Activity: Pictures stay out of the copy, which must hold exactly the lines from the one containing "Nike Men's Virginia" through the end of the material below.

Material provided:
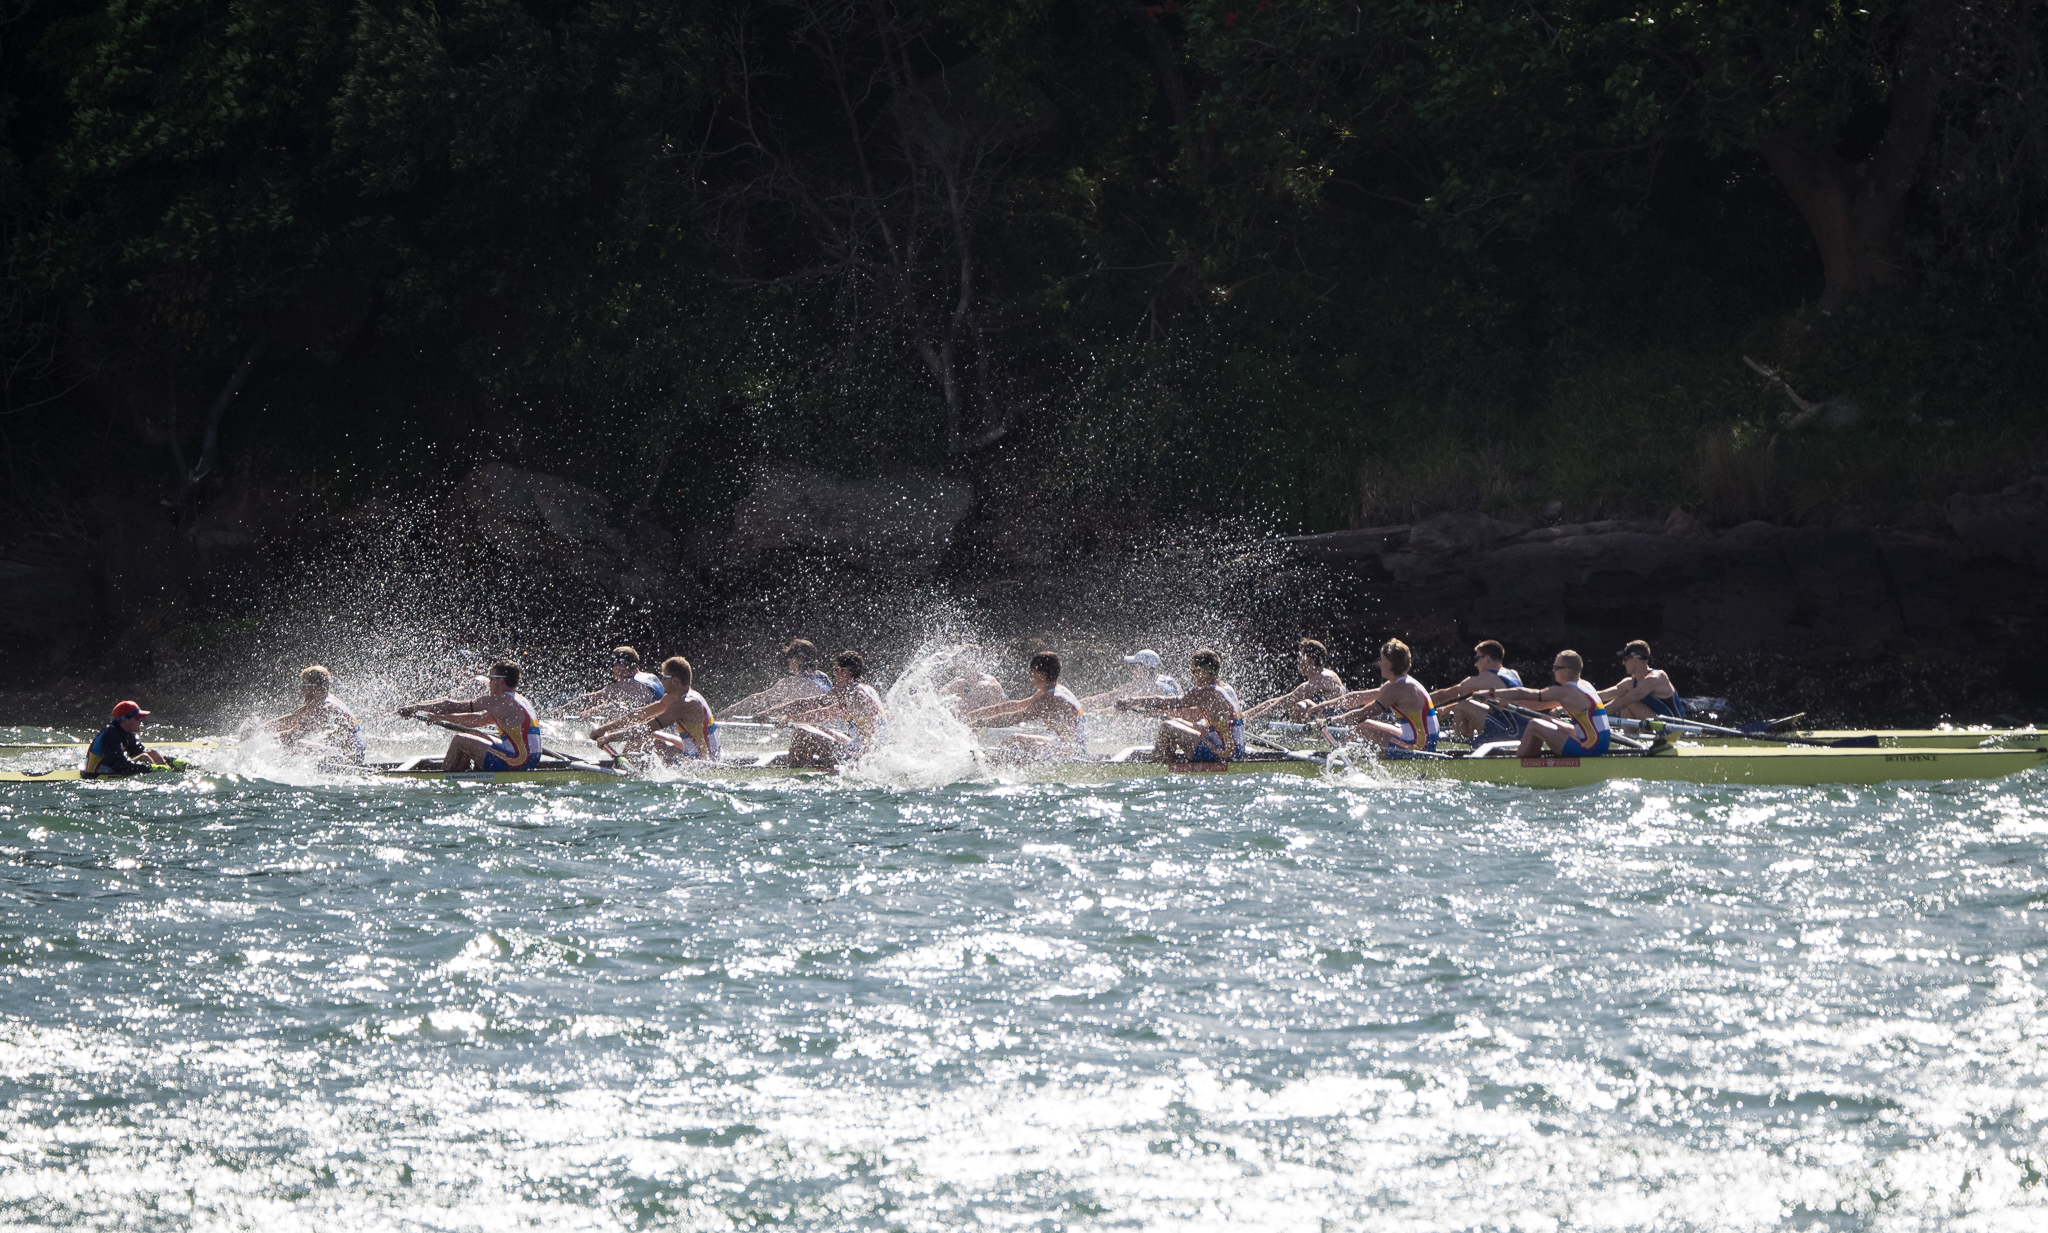 Boat Race 2016-15. Alan Shawjpg (9).jpg
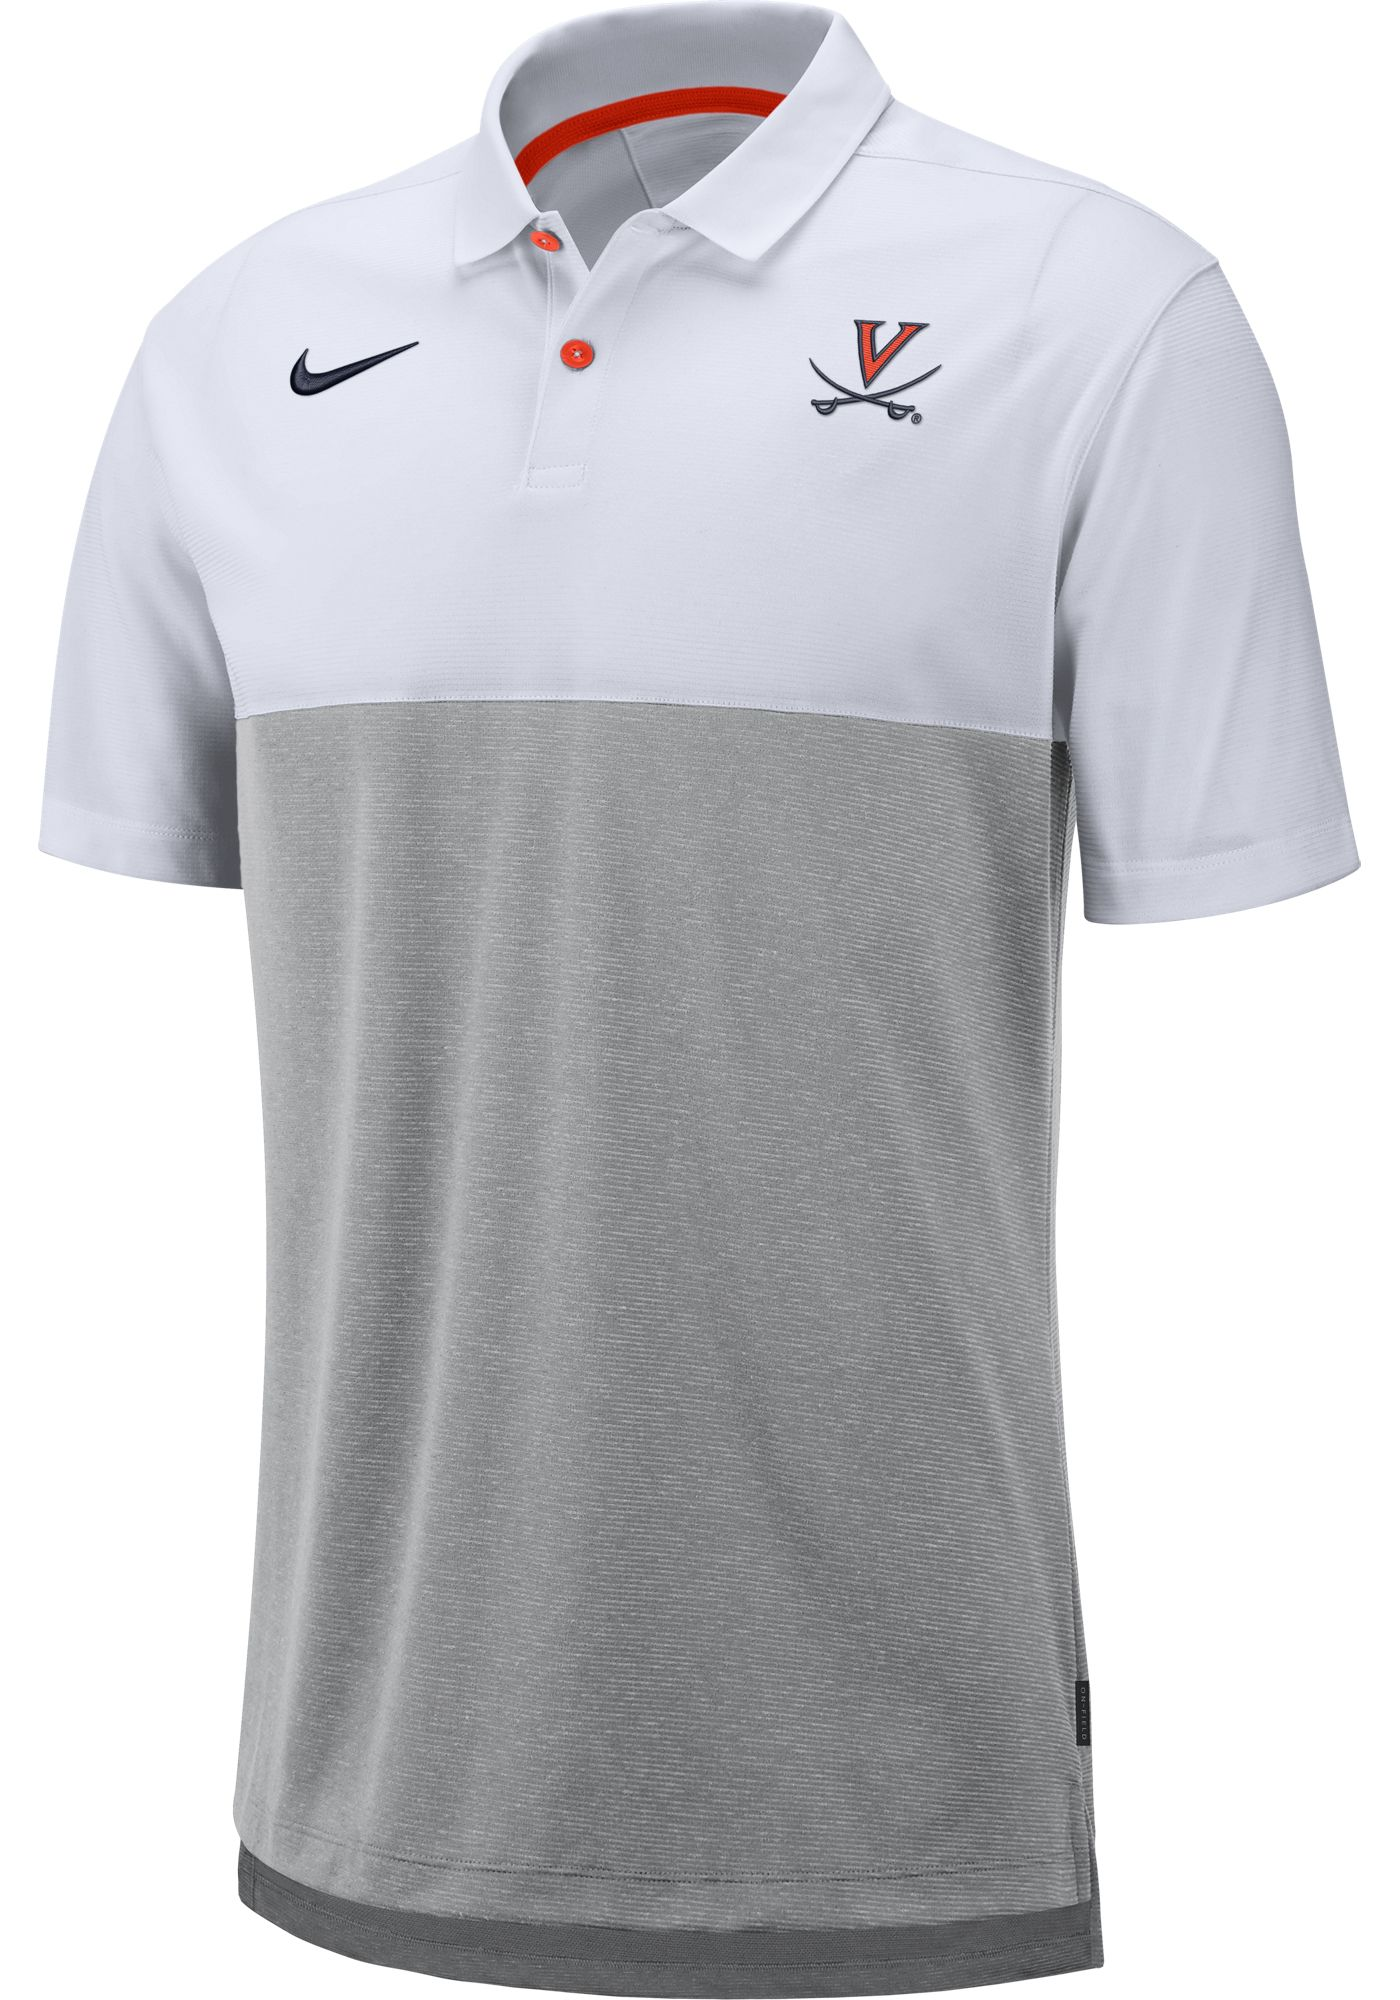 Nike Men's Virginia Cavaliers White/Grey Dri-FIT Breathe Football Sideline Polo
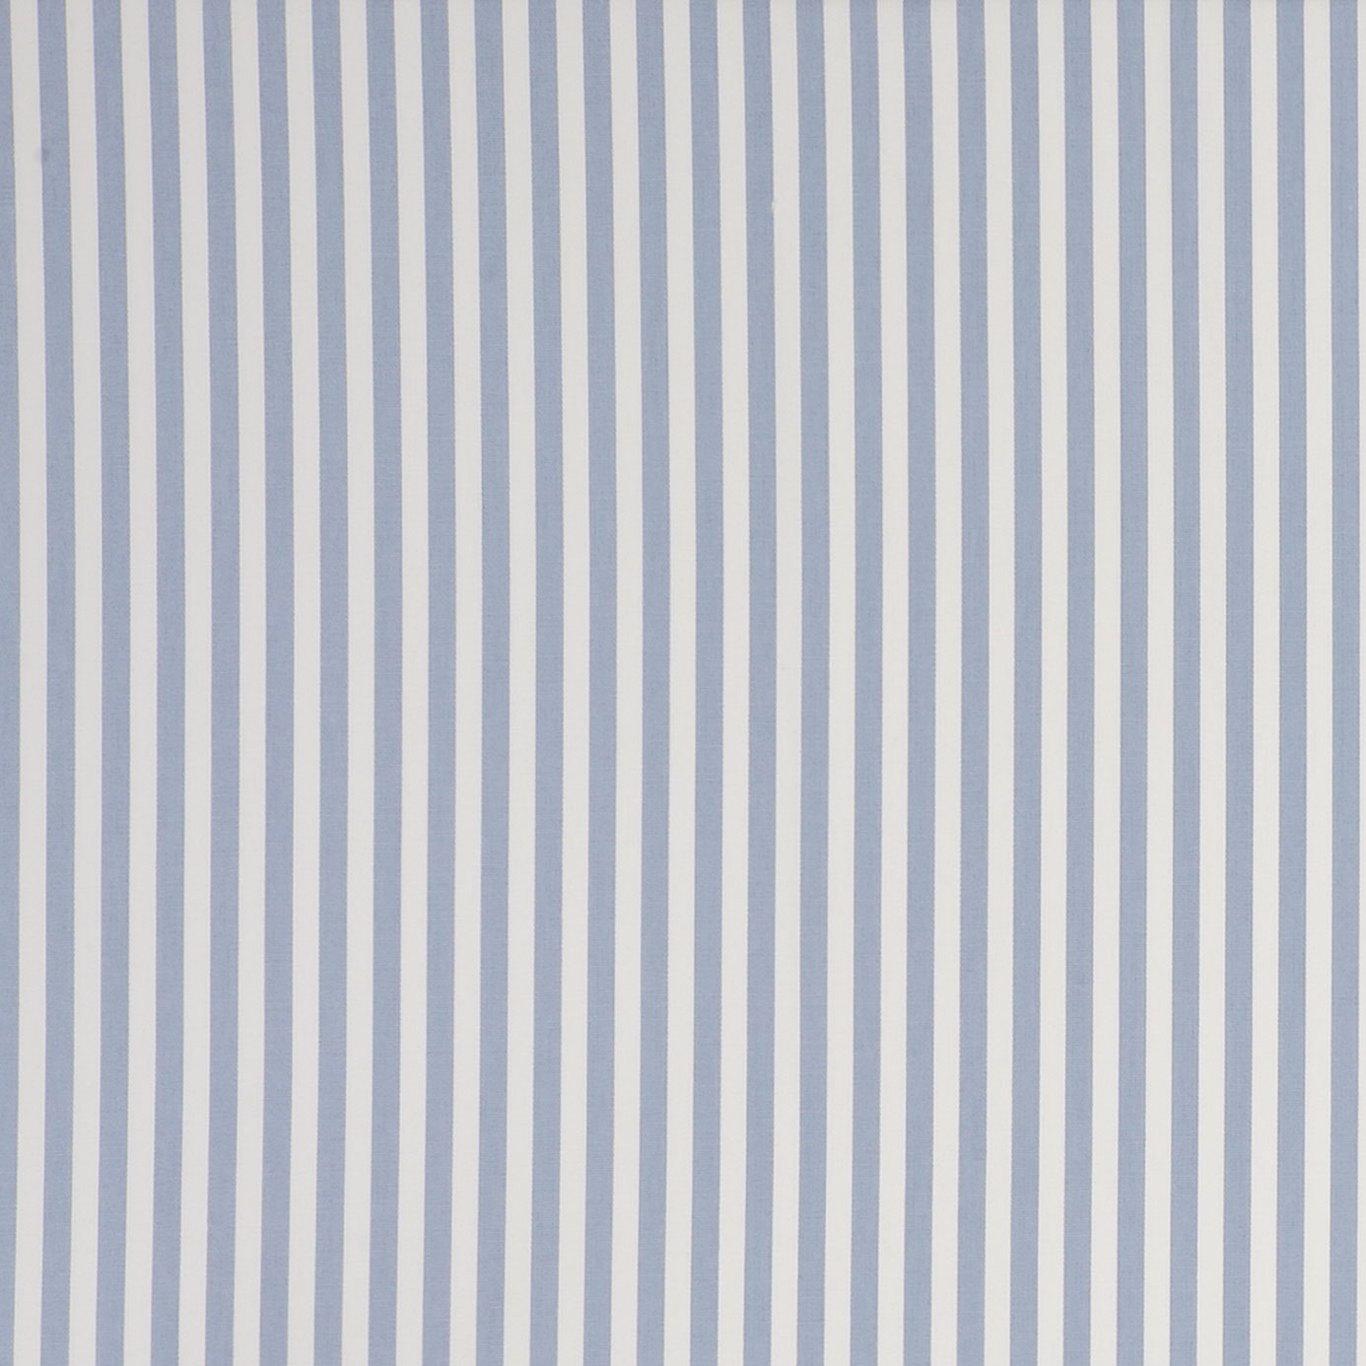 Party Stripe by STG

Output of the exercise:
 Nike Men's Virginia Cavaliers White/Grey Dri-FIT Breathe Football Sideline Polo
 Party Stripe by STG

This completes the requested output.